The best ever articles on this matter are by Erland Sommarskog:
- Arrays and Lists in SQL Server 2008 - Using Table-Valued Parameters
- Arrays and Lists in SQL Server 2005 and Beyond- When TVPs Do Not Cut it
- Arrays and Lists in SQL Server 2000 and Earlier
He covers all options and explains pretty well.
Sorry for the shortness of the answer, but Erland's article on Arrays is like Joe Celko's books on trees and other SQL treats :)
There is a great discussion of this on StackOverflow that covers many approaches. The one I prefer for SQL Server 2008+ is to use table-valued parameters. This is essentially SQL Server's solution to your problem--passing in a list of values to a stored procedure.
The advantages of this approach are:
- make one stored procedure call with all your data passed in as 1 parameter
- table input is structured and strongly typed
- no string building/parsing or handling of XML
- can easily use table input to filter, join, or whatever
However, take note: If you call a stored procedure that uses TVPs via ADO.NET or ODBC and take a look at the activity with SQL Server Profiler, you will notice that SQL Server receives several
INSERT
statements to load the TVP, one for each row in the TVP, followed by the call to the procedure. This is by design. This batch ofINSERT
s needs to be compiled every time the procedure is called, and constitutes a small overhead. However, even with this overhead, TVPs still blow away other approaches in terms of performance and usability for the majority of use cases.If you want to learn more, Erland Sommarskog has the full skinny on how table-valued parameters work and provides several examples.
Here is another example I concocted:
CREATE TYPE id_list AS TABLE ( id int NOT NULL PRIMARY KEY ); GO CREATE PROCEDURE [dbo].[tvp_test] ( @param1 INT , @customer_list id_list READONLY ) AS BEGIN SELECT @param1 AS param1; -- join, filter, do whatever you want with this table -- (other than modify it) SELECT * FROM @customer_list; END; GO DECLARE @customer_list id_list; INSERT INTO @customer_list ( id ) VALUES (1), (2), (3), (4), (5), (6), (7); EXECUTE [dbo].[tvp_test] @param1 = 5 , @customer_list = @customer_list ; GO DROP PROCEDURE dbo.tvp_test; DROP TYPE id_list; GO
When I run this I get an error: Msg 2715, Level 16, State 3, Procedure tvp_test, Line 4 [Batch Start Line 4] Column, parameter, or variable #2: Cannot find data type id_list. Parameter or variable '@customer_list' has an invalid data type. Msg 1087, Level 16, State 1, Procedure tvp_test, Line 13 [Batch Start Line 4] Must declare the table variable "@customer_list".
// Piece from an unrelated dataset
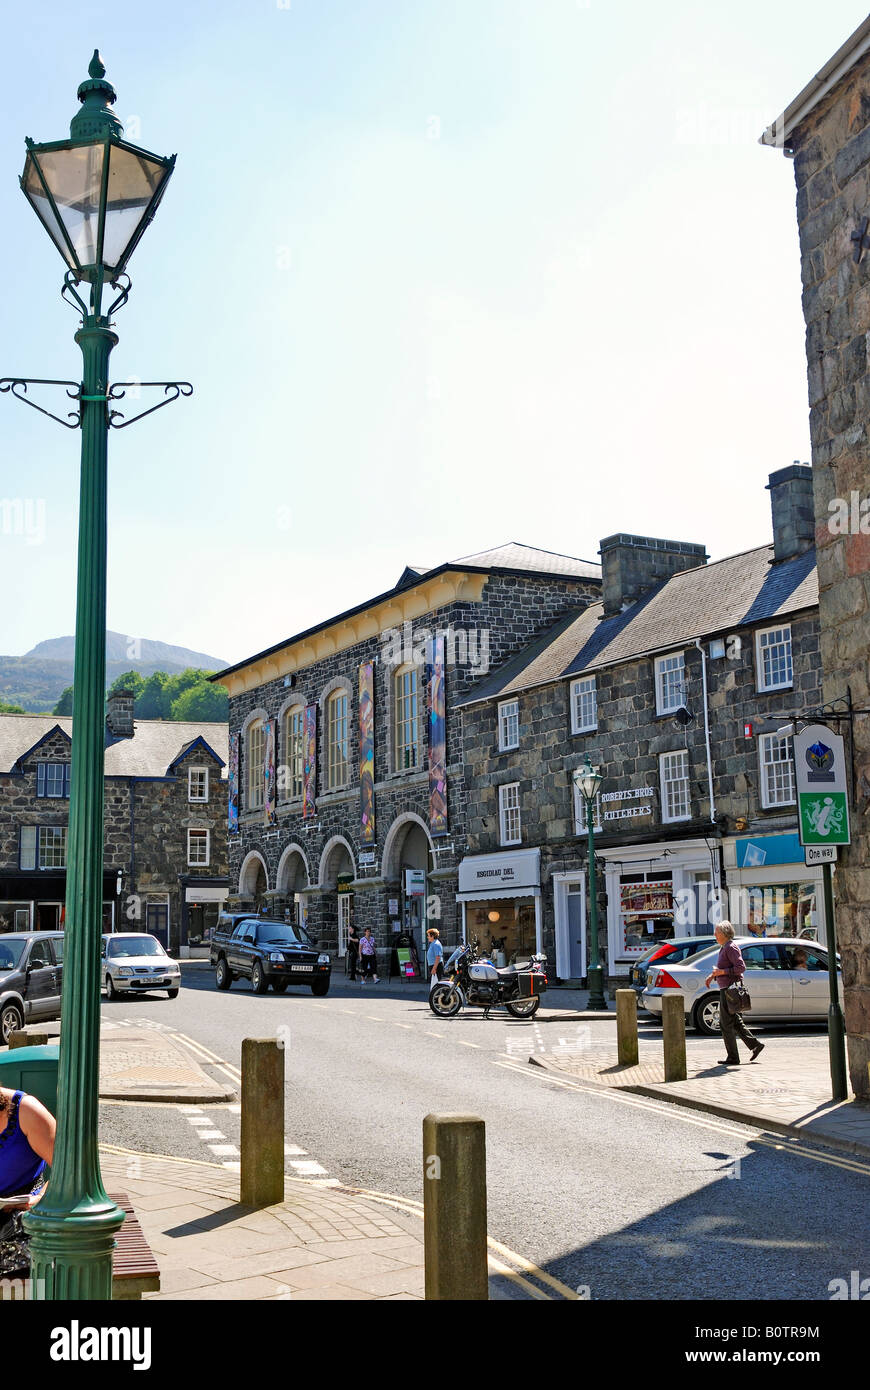 OLD STONE BUILDINGS AND SHOPS IN MARKET SQUARE DOLGELLAU GWYNEDD WALES Stock Photo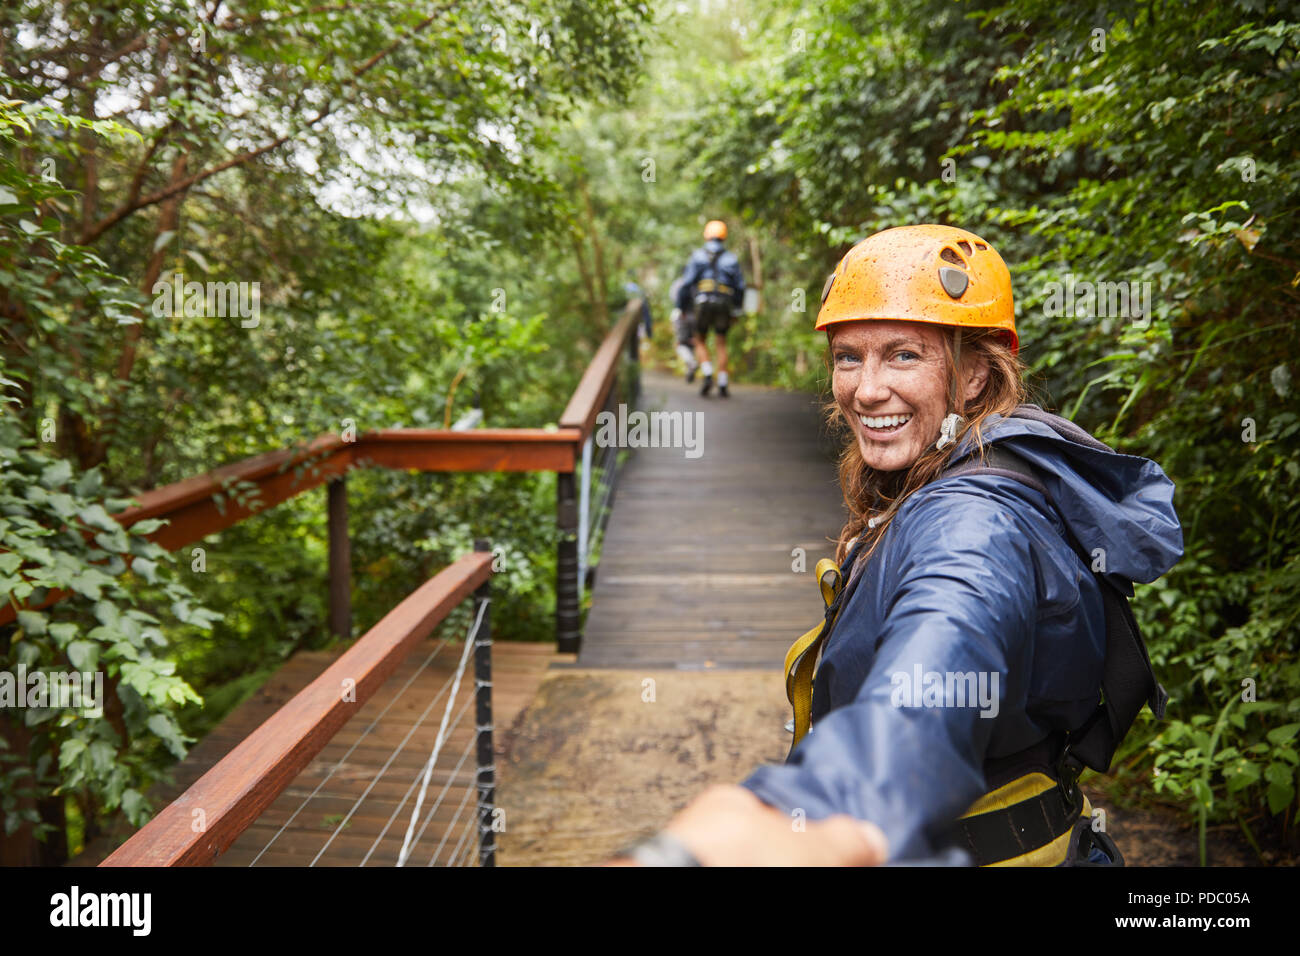 Portrait smiling woman zip lining in woods Stock Photo

@Damian - Did the `CREATE TYPE` statement at the beginning run successfully? What version of SQL Server are you running?
In the SP code you have this sentence inline `SELECT @param1 AS param1;' . What's the purpose? You don't make use or param1 so why did you put this as a parameter in the SP header?
@EAmez - It was just an arbitrary example. The point is `@customer_list` not `@param1`. The example simply demonstrates that you can mix different parameter types.
The entire subject is discussed on the definitive article by Erland Sommarskog: "Arrays and List in SQL Server". Take your pick of which version to choose.
Summary, for pre SQL Server 2008 where TVPs trump the rest
- CSV, split how you like (I generally use a Numbers table)
- XML and parse (better with SQL Server 2005+)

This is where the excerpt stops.